→ TASK OBJECTIVE
Each line from the one containing "We are thrilled" through the end of the data below is to be output verbatim, with no lines added or left out.

→ DATASET CONTENT

• • • • • • •

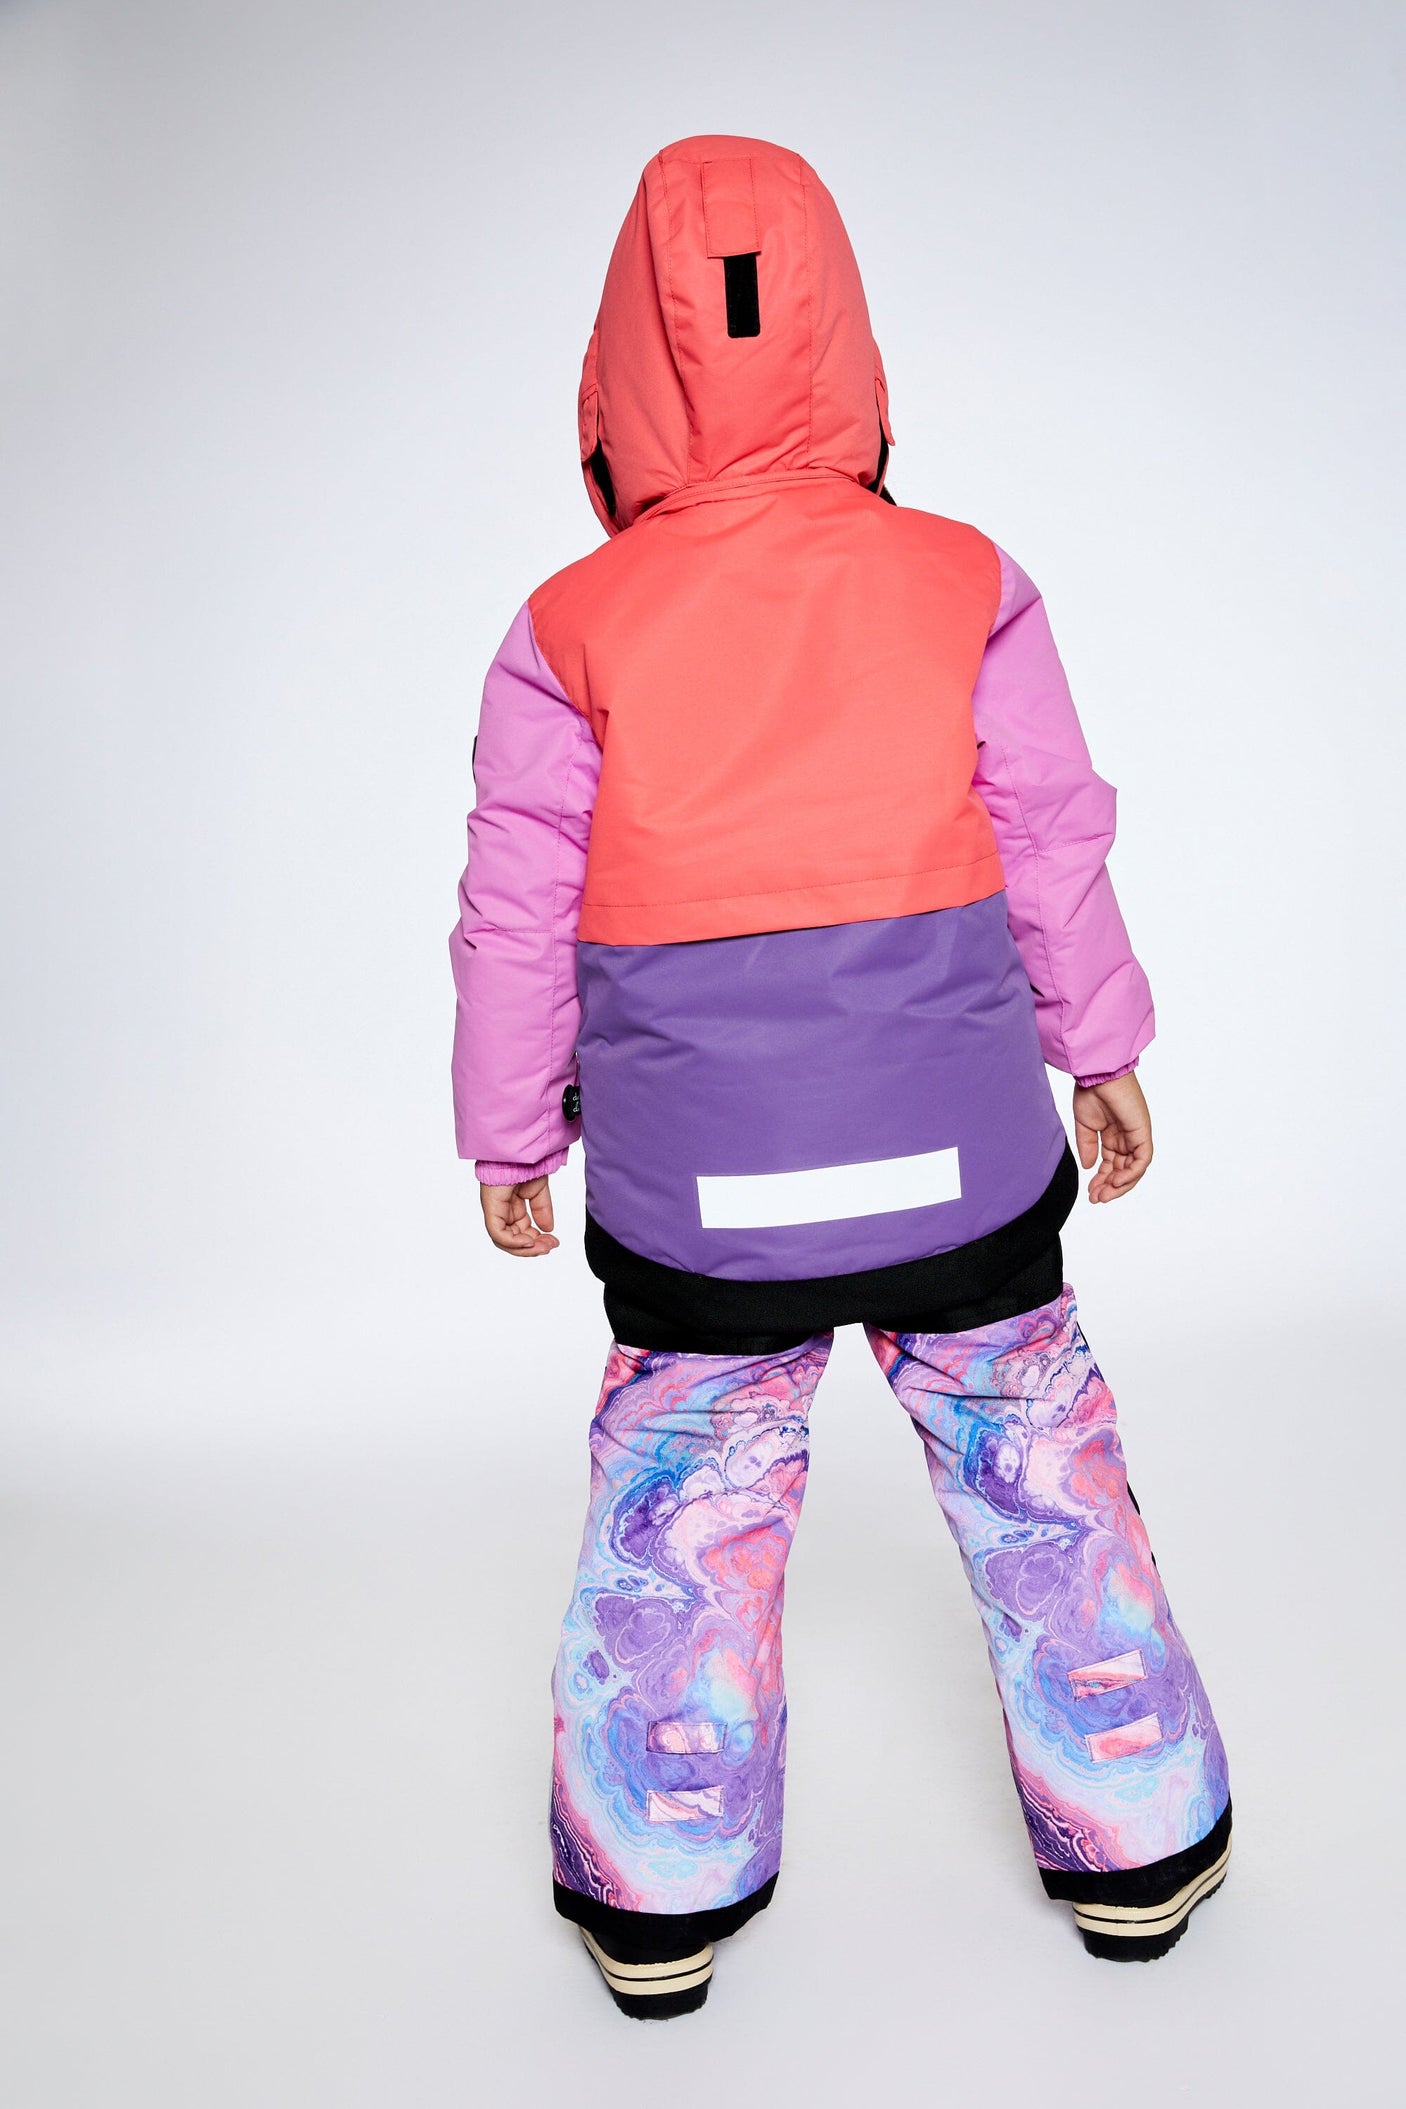 Two Piece Snowsuit Pink Lilac With Geode Print-2
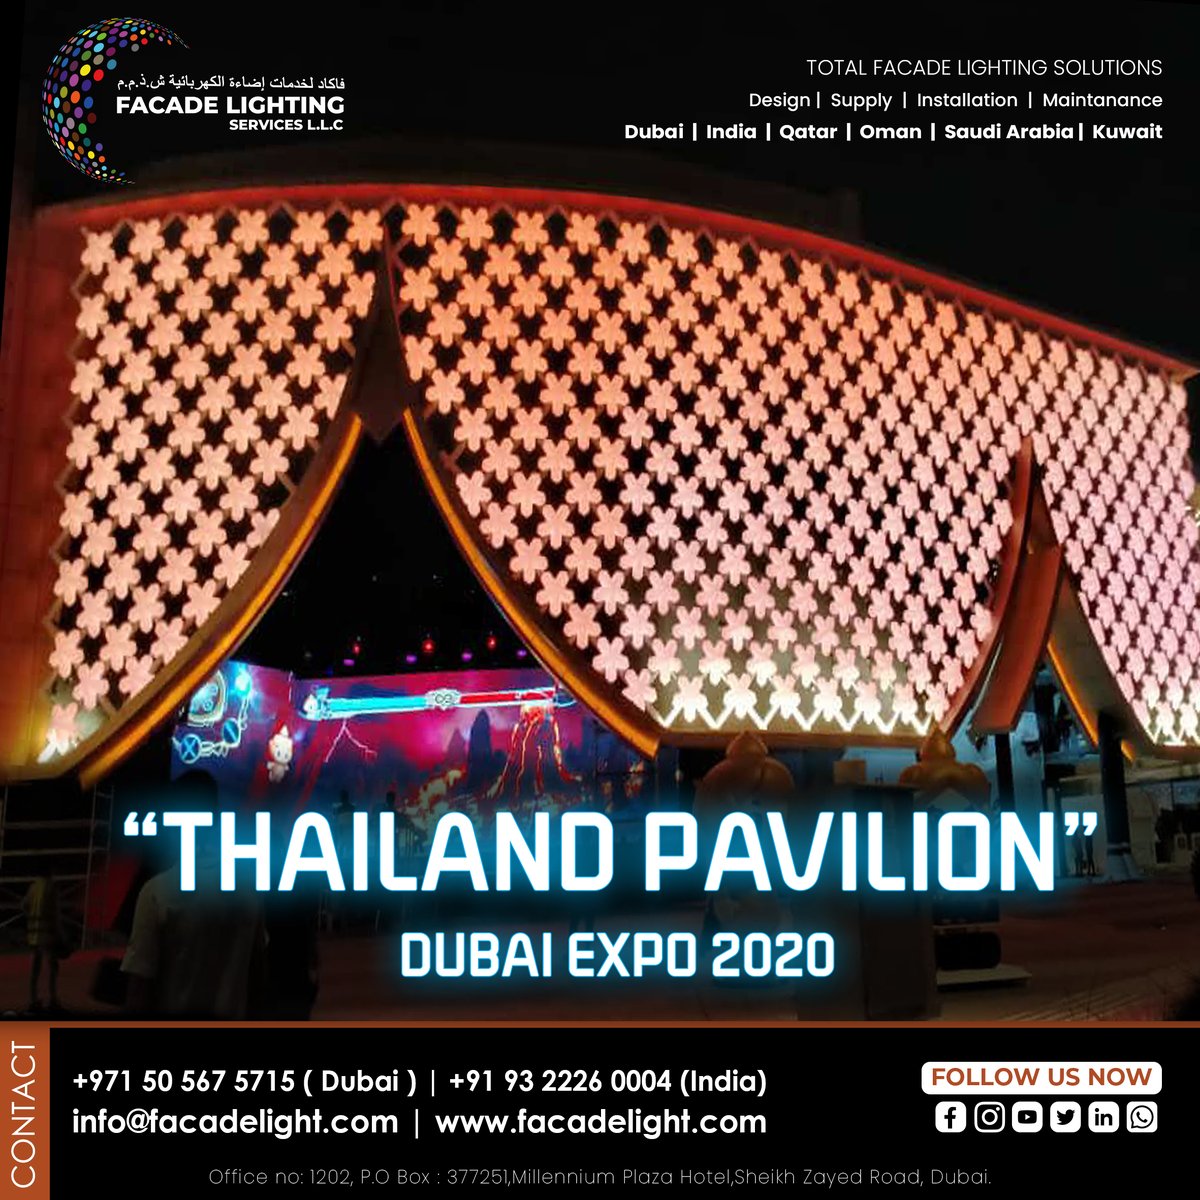 ✨ Lighting up the Thailand Pavilion at Expo 2020 Dubai! ✨

We are thrilled to showcase our #facadelighting for the Thailand Pavilion at Expo 2020 Dubai. 

#facadelighting #facadelightingservice #thailandpavilionexpo2020dubai #thailandpavilionexpo2020 #dubai #india #uae #qatar

• • • • • • •

→ RESPONSE TO THE TASK
We are thrilled to showcase our #facadelighting for the Thailand Pavilion at Expo 2020 Dubai. 

#facadelighting #facadelightingservice #thailandpavilionexpo2020dubai #thailandpavilionexpo2020 #dubai #india #uae #qatar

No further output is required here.